Траскин вызвал генеральшу к себе — для приватного разговора.
Генеральша явилась — заполнив юбками, духами и прической все скучное казенное помещение и самим своим присутствием придав ему совершенно другой облик. Траскин поневоле вспомнил, как покойный Мишель говорил: «Красивая полька — и к тому же полька, которая желает понравиться русскому офицеру, — сия есть страшная сила…»
Мария Ивановна как раз и была такой полькой — и весьма в свое время понравилась русскому офицеру, так что теперь была превосходительством, особой важной и чиновной, но вместе с тем по-прежнему, несмотря на лета и достигнутые цели, опасной для слабого мужского пола. Должно быть, прежде, в юности, ее красота имела наступательный характер; но и в зрелые лета не приобрела наружность Марии Ивановны характера оборонительного; скорее у нее был вид торжествующий, почивающий на лаврах победителя.

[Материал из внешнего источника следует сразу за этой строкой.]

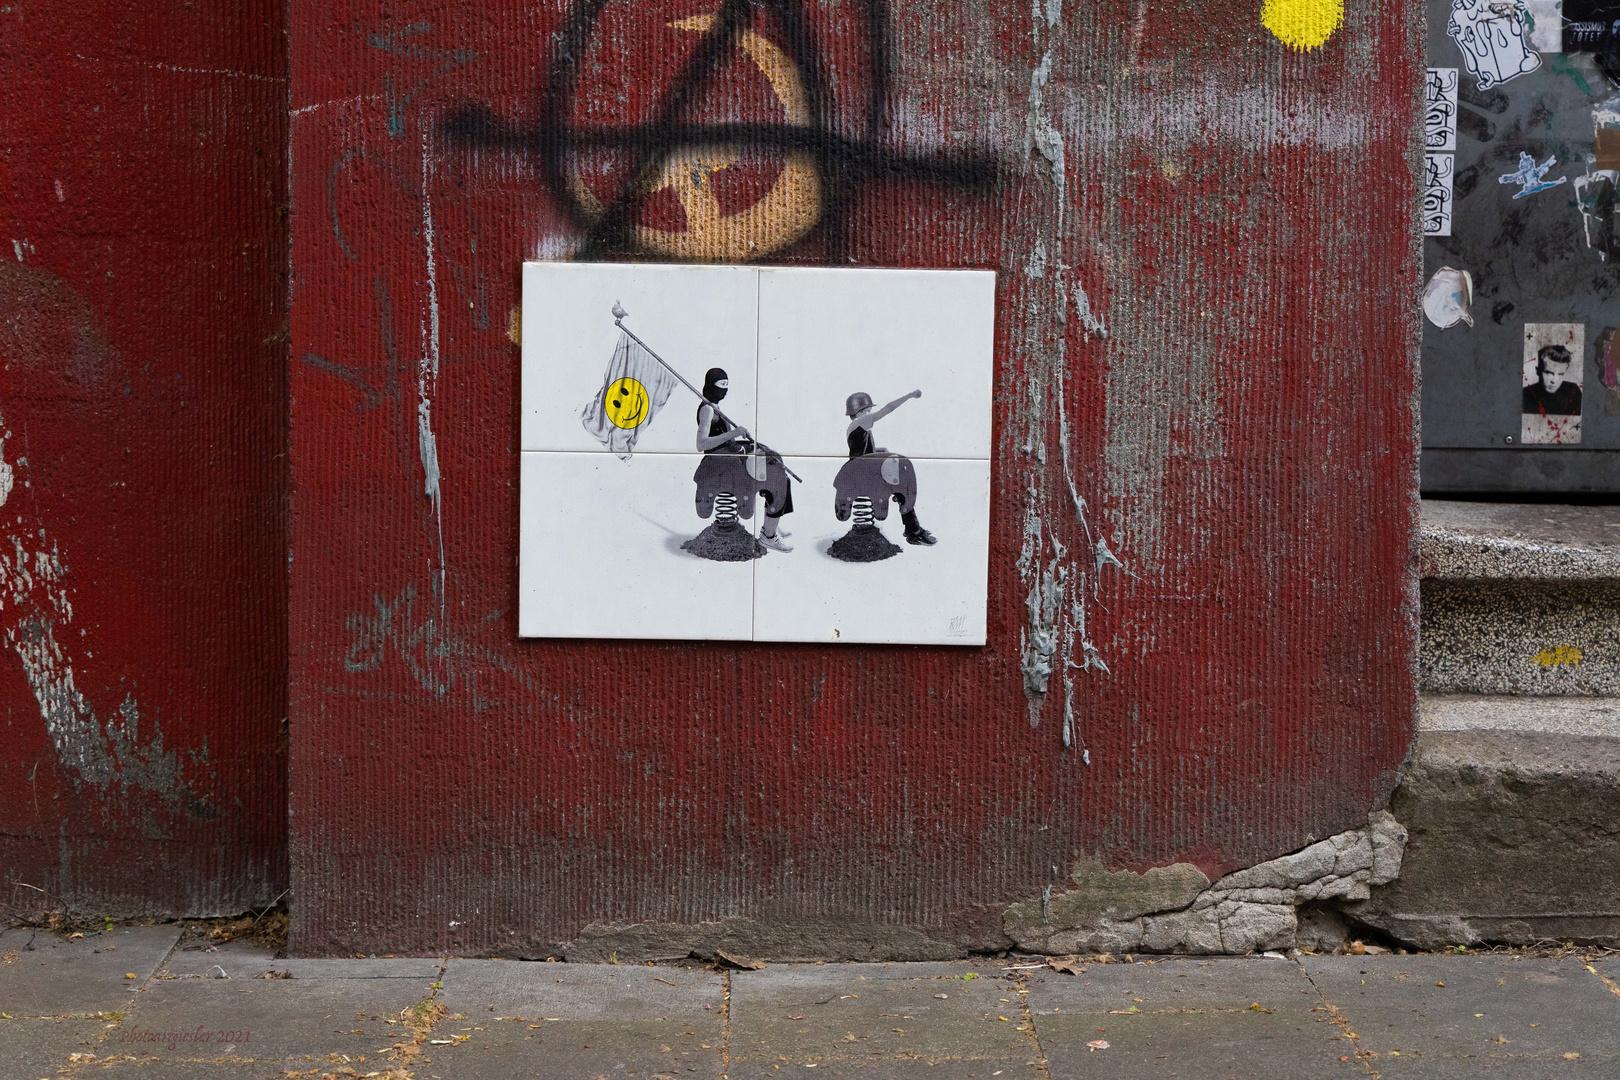 Viva la revolution - es gibt ein Leben vor dem Tod

Искры этой красоты горели и в дочерях генеральши, и в юной Наденьке, и в перезрелой Эмилии; обе они сильно отличались от невзрачной Аграфены, дочери Верзилина от первого брака. «У меня две дочки, да у Марьи Ивановны — две; а всего у нас дочерей с нею три грации», — говаривал генерал всякий раз, когда собиралось дружеское общество, и сам же весело хохотал над собственной загадкой. Смеялись обычно и гости — из дружеского расположения к генералу да и от удовольствия тоже: должны ведь оставаться в жизни вещи, которые не переменяются!
Большого траура по убиенном Мишеле Мария Ивановна не учиняла и даже настаивала на том, чтобы участвовать через день в бале, устраиваемом в городе. Было совершенно очевидно, что генеральша сердилась на Лермонтова за сделанную глупость.

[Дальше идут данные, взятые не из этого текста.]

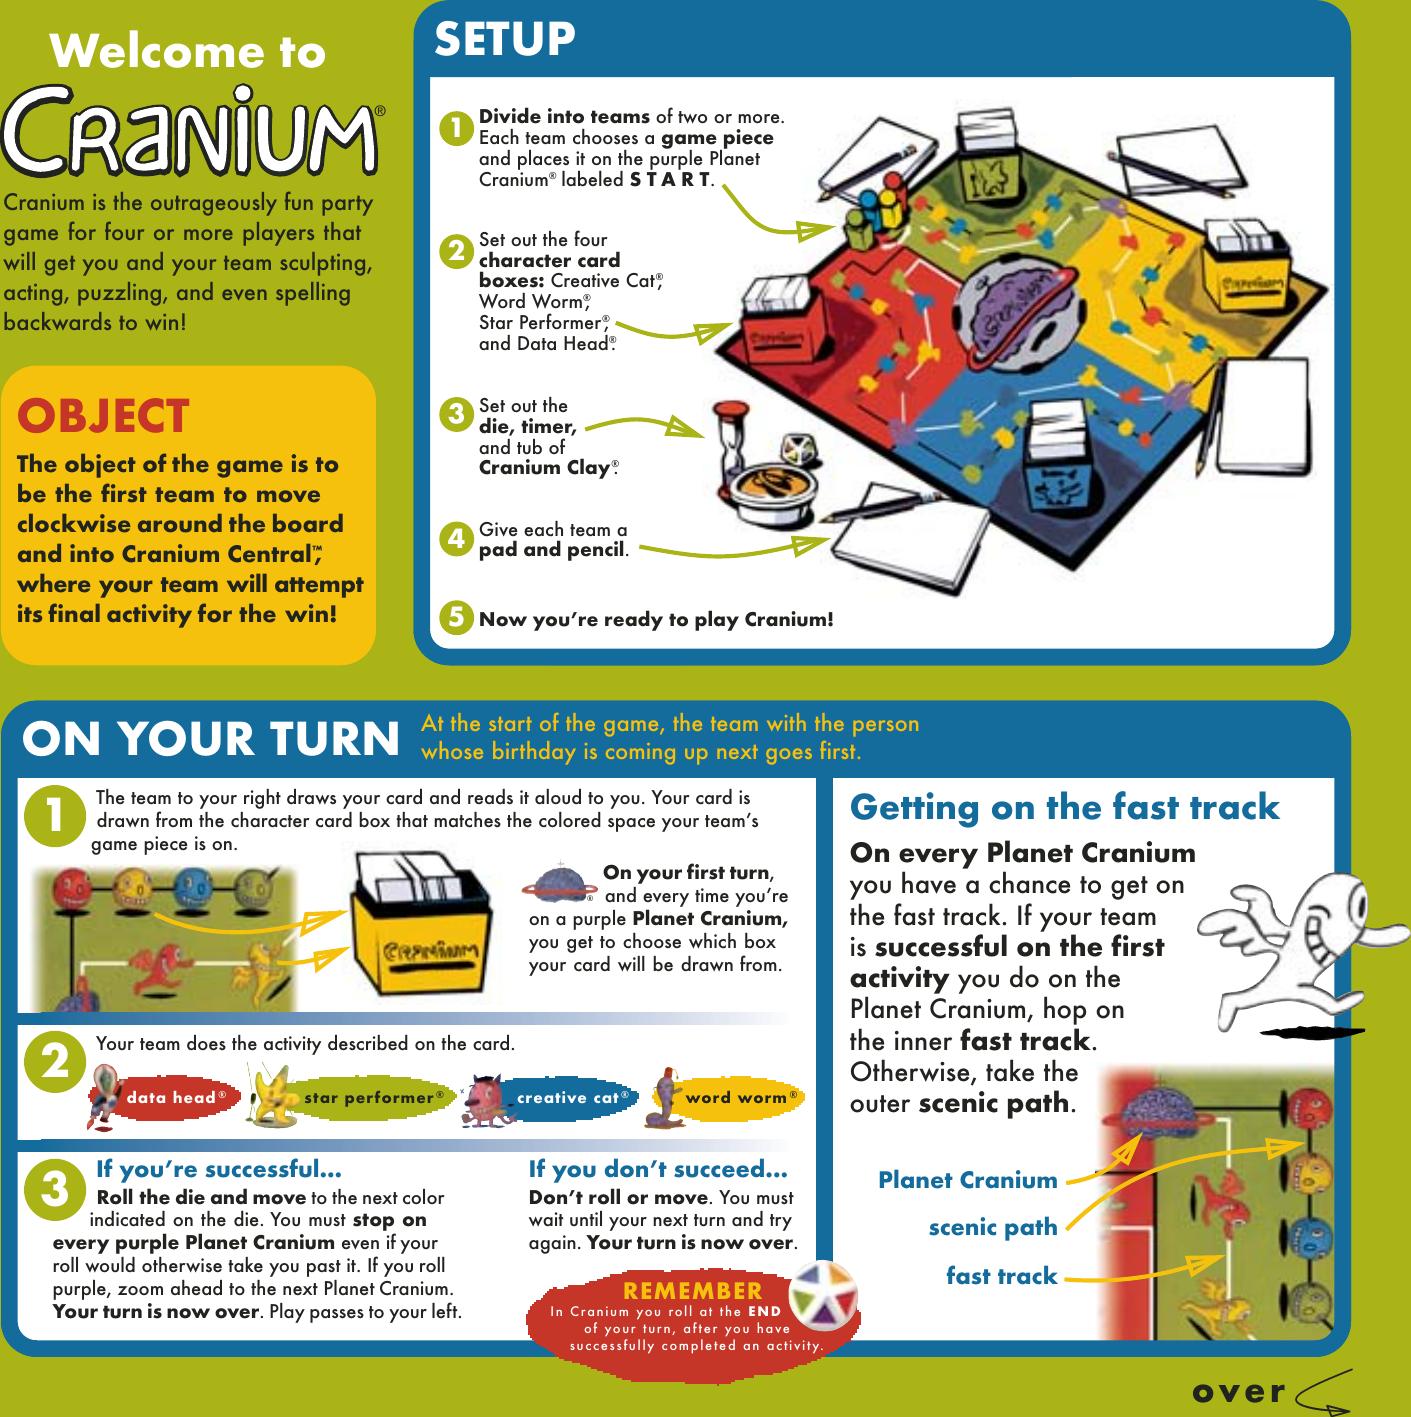 Cranium Tune Twister Games Users Manual P1184craniumusv1p4instr

Свой гнев Мария Ивановна отчасти перенесла на Траскина и уставилась на него очень строго, обмахивая себя платком.
— Секунданты и сам убийца показывают, — начал Траскин, — что ссора, которая имела такое печальное завершение, произошла в вашем доме.
Мария Ивановна устремила на него пронзительный взгляд.
— А я вот никакой ссоры не помню.
Траскин придвинул к ней листок, и генеральша снизошла прочесть ровные канцелярские строки с круглыми буковками и осторожненькими росчерками:
«Ваше Высокоблагородие, в отзыве своем, на наш к Вам запрос от 17-го сего Июля номер 57, между прочего в 6-м пункте прописывается, что на вечере в одном доме, за два дня до Дуели, Поручик Лермонтов вывел Вас из терпения, привязываясь к каждому Вашему слову, на каждом шагу показывая явное желание Вам досадить. Вы решились положить этому конец. Покорнейше просим Вашего Высокоблагородия уведомить нас о сем же: чем именно этот частный дом, где Вы находились с покойным Лермонтовым на вечере?»
И внизу, другим почерком, острым и крупным: «Это случилось в доме у Генеральши Верзилиной».
Сильными пальцами в кольцах — точно маленькими крепкими рыцарями в блестящих золотых и самоцветных доспехах — генеральша оттолкнула от себя листок.
— Я не упомню никакой ссоры, — сказала она.
— Расскажите подробнее, — попросил Траскин.
Мария Ивановна посмотрела на него пристально, помолчала. Она с Эмилией уже не раз возвращалась в разговорах к тому вечеру, пытаясь понять: что же такого случилось, после чего не стало иного пути, кроме дуэли? Смеялись и пели, как обычно. Был жених Аграфены, Василий Николаевич Диков, которого покойный Миша звал «Диким человеком». Братик Дикова, мальчик Митя, все выбегал на двор и там скакал, не внимая увещаниям и не желая уходить окончательно к себе домой. Лермонтов с Левушкой Пушкиным смешили Эмилию, рассказывая ей всякий вздор и попутно чертя карикатуры мелом на ломберном столе.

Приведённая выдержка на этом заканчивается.